Figure 8 Alignment of same mature regions but different signal regions in the O superfamily sequences from our C. striatus transcriptomes.

Discussion

With the rapid development of high-throughput transcriptomics and the continuous reduction of costs, transcriptome sequencing technology has been used to explore conotoxins in many Conus species (Dutertre et al., 2014; Rajaian Pushpabai et al., 2021). According to the ConoServer database, the current list of 8,360 conotoxins from 122 cone snails has been identified through traditional methods and NGS, representing < 2% of all potential conotoxins (Kaas et al., 2008; Kaas et al., 2010; Kaas et al., 2012; Zhang et al., 2019). Although transcriptome-based NGS technology is powerful on a large scale and has been widely used to uncover Conus genes, the NGS technology may produce fragments and overlapping groups that are not spliced and may lose important information resulting in the omission of certain conotoxins (Zeng et al., 2018; Yuan et al., 2021; Zhan et al., 2021; Zhang et al., 2021). In addition, the NGS with a short read length may restrict right sequence assembly and annotation, resulting in the prediction of fewer conotoxins (Zeng et al., 2018; Yang et al., 2018b; Yuan et al., 2021; Zhan et al., 2021). The TGS technology with SMRT sequencing can overcome these limitations. This strategy can produce assembly-free, highly accurate, full-length and near full-length unigenes, significantly improving gene annotation and transcriptional quantification (Lluisma et al., 2012; Ozsolak, 2012; Cacho et al., 2014; Lavezzo et al., 2016; He et al., 2017; Liu et al., 2017; Kuang et al., 2019). As per our knowledge, no previous studies have employed the TGS technology to study C. striatus.

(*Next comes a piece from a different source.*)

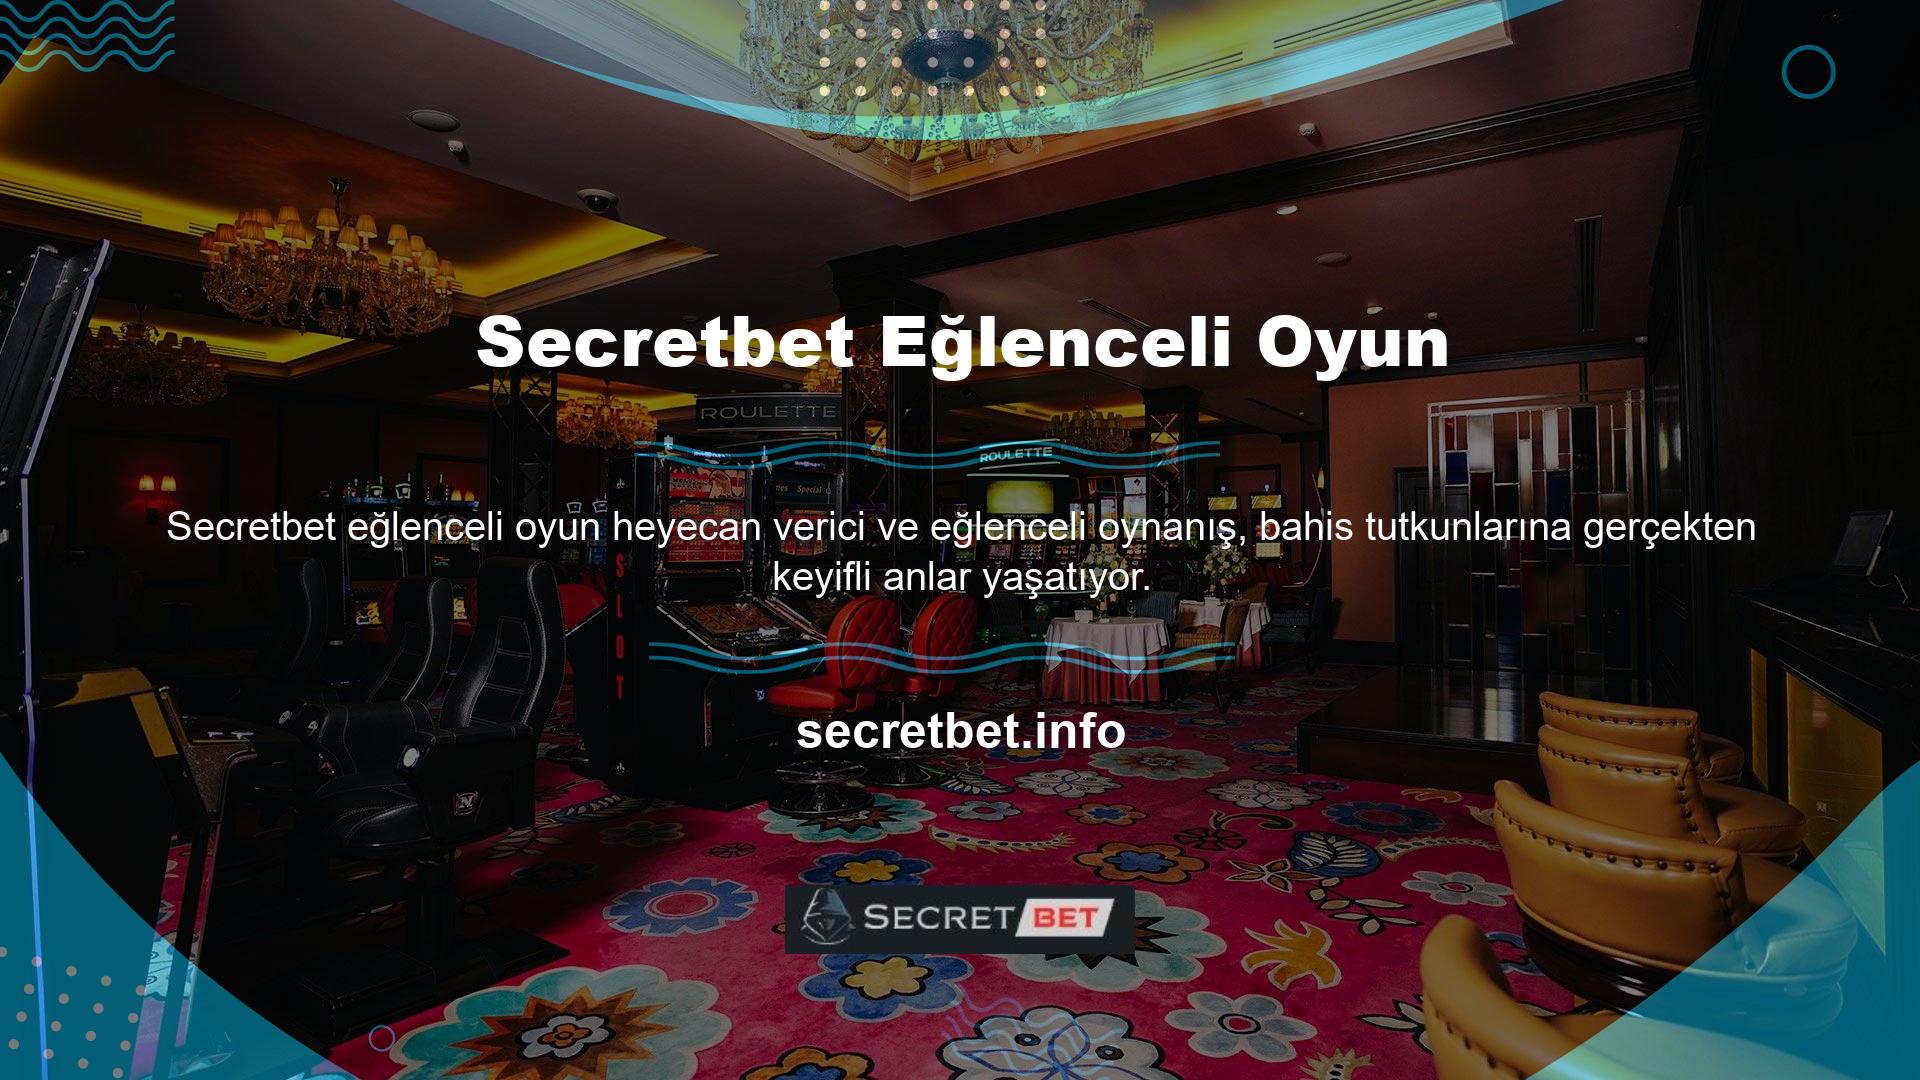 Bu web sitesinde Secretbet üyeliği açabilir ve Secretbet üye oyunları serisine katılabilir ve çeşitli oyunlara bahis oynayabilirsiniz
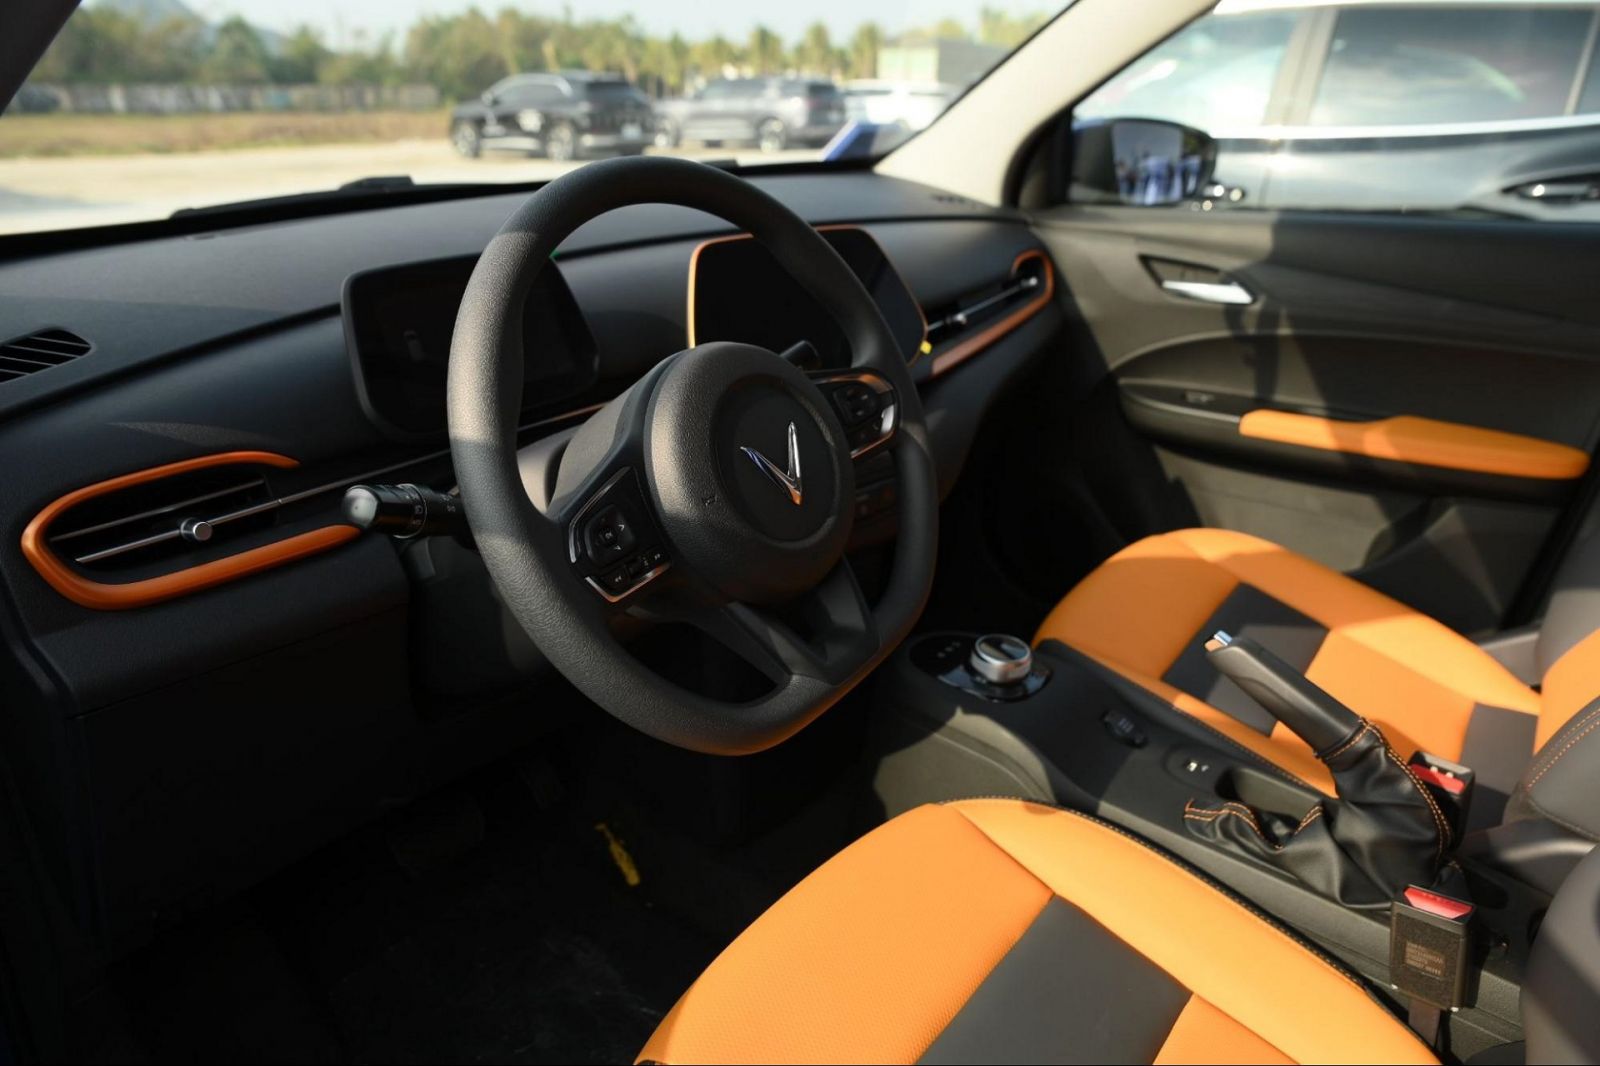 VF 5 Plus là mẫu xe thu hút sự chú ý lớn của khách tham quan vì là model mới nhất, có thiết kế nhỏ gọn bắt mắt cùng nhiều lựa chọn màu sơn ngoại thất và nội thất ấn tượng. Xe có tới 16 lựa chọn màu sơn bên ngoài và 3 màu nội thất bên trong, giúp mang đến tính cá nhân hóa cao cho chủ xe.

To date, 423 conotoxins have been found from C. striatus using traditional methods and NGS technology, and assigned to 25 superfamilies (Himaya et al., 2021). A total of 428 unique conotoxins in RS, VD, VG, and SG from C. striatus were discovered using the combination of NGS and TGS technologies for the first time. The TGS identified almost 85.5% of the conotoxins in C. striatus, but only 82 conotoxin transcripts were identified by the NGS, confirming that the TGS technology is more efficient than the NGS in the identification of diverse conotoxins (Xue et al., 2013; Xu et al., 2015; Yang et al., 2018a). The sequences generated from the same sample had only 4.7% overlapping between the TGS and NGS technologies, which proves that the combination of the two technologies can identify more conotoxins. For the NGS, only one assembler cannot fully recover the most comprehensive toxin profile (Xie et al., 2022). However, applying multiple assemblers to improve details will become time-consuming and challenging, which requires a thorough knowledge of those assemblers. Emergence of TGS can overcome this deficiency. Although the TGS technology has more advantages, 62 toxin sequences remain undiscovered in C. striatus compared with the NGS technology. Therefore, the comprehensive strategy combines NGS and TGS technology to obtain a complete transcriptome of C. striatus, which contributes to discovering more conotoxins.

A total of 428 conotoxins and 106 related proteins (processed conotoxin peptides) were found in C. striatus by integrated sequencing technology. These conotoxins were assigned to 13 gene superfamilies, of which 11 gene superfamilies (A, B1, M, O1, O2, O3, R, T, and W) were found by the NGS, and 13 gene superfamilies were found by the TGS (A, B1, M, O1, O2, O3, R, S, T, W, and Z). The TGS technology found two gene superfamilies (S and Z) that the NGS technology could not find.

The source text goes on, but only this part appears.